[Items from a dataset]

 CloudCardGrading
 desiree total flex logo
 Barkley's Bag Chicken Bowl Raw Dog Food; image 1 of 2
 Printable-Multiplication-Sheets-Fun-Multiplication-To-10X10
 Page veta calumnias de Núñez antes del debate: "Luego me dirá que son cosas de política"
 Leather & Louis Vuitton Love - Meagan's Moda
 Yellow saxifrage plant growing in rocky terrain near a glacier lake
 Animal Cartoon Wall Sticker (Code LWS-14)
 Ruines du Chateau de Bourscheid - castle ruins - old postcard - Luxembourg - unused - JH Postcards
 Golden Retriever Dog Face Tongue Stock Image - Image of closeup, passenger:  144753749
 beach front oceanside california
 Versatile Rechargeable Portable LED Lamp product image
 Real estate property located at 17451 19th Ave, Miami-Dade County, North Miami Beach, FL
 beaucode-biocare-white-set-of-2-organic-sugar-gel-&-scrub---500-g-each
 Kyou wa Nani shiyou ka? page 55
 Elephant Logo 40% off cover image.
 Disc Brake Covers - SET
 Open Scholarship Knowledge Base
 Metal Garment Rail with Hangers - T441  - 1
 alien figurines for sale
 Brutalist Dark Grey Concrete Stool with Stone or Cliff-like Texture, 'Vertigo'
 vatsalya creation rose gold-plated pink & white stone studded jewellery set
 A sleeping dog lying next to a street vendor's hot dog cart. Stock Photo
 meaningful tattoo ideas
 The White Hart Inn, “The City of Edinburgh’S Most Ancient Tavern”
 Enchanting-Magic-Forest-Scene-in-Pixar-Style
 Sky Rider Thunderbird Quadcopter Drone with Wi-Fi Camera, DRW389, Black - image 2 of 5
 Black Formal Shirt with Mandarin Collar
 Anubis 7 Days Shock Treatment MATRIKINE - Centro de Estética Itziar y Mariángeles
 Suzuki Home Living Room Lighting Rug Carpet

◆ **Exercise aim**
Output the line bearing "Golden Retriever Dog" along with all the lines after it through the end of the entries, exactly, and no other lines.

◆ **Reply**
 Golden Retriever Dog Face Tongue Stock Image - Image of closeup, passenger:  144753749
 beach front oceanside california
 Versatile Rechargeable Portable LED Lamp product image
 Real estate property located at 17451 19th Ave, Miami-Dade County, North Miami Beach, FL
 beaucode-biocare-white-set-of-2-organic-sugar-gel-&-scrub---500-g-each
 Kyou wa Nani shiyou ka? page 55
 Elephant Logo 40% off cover image.
 Disc Brake Covers - SET
 Open Scholarship Knowledge Base
 Metal Garment Rail with Hangers - T441  - 1
 alien figurines for sale
 Brutalist Dark Grey Concrete Stool with Stone or Cliff-like Texture, 'Vertigo'
 vatsalya creation rose gold-plated pink & white stone studded jewellery set
 A sleeping dog lying next to a street vendor's hot dog cart. Stock Photo
 meaningful tattoo ideas
 The White Hart Inn, “The City of Edinburgh’S Most Ancient Tavern”
 Enchanting-Magic-Forest-Scene-in-Pixar-Style
 Sky Rider Thunderbird Quadcopter Drone with Wi-Fi Camera, DRW389, Black - image 2 of 5
 Black Formal Shirt with Mandarin Collar
 Anubis 7 Days Shock Treatment MATRIKINE - Centro de Estética Itziar y Mariángeles
 Suzuki Home Living Room Lighting Rug Carpet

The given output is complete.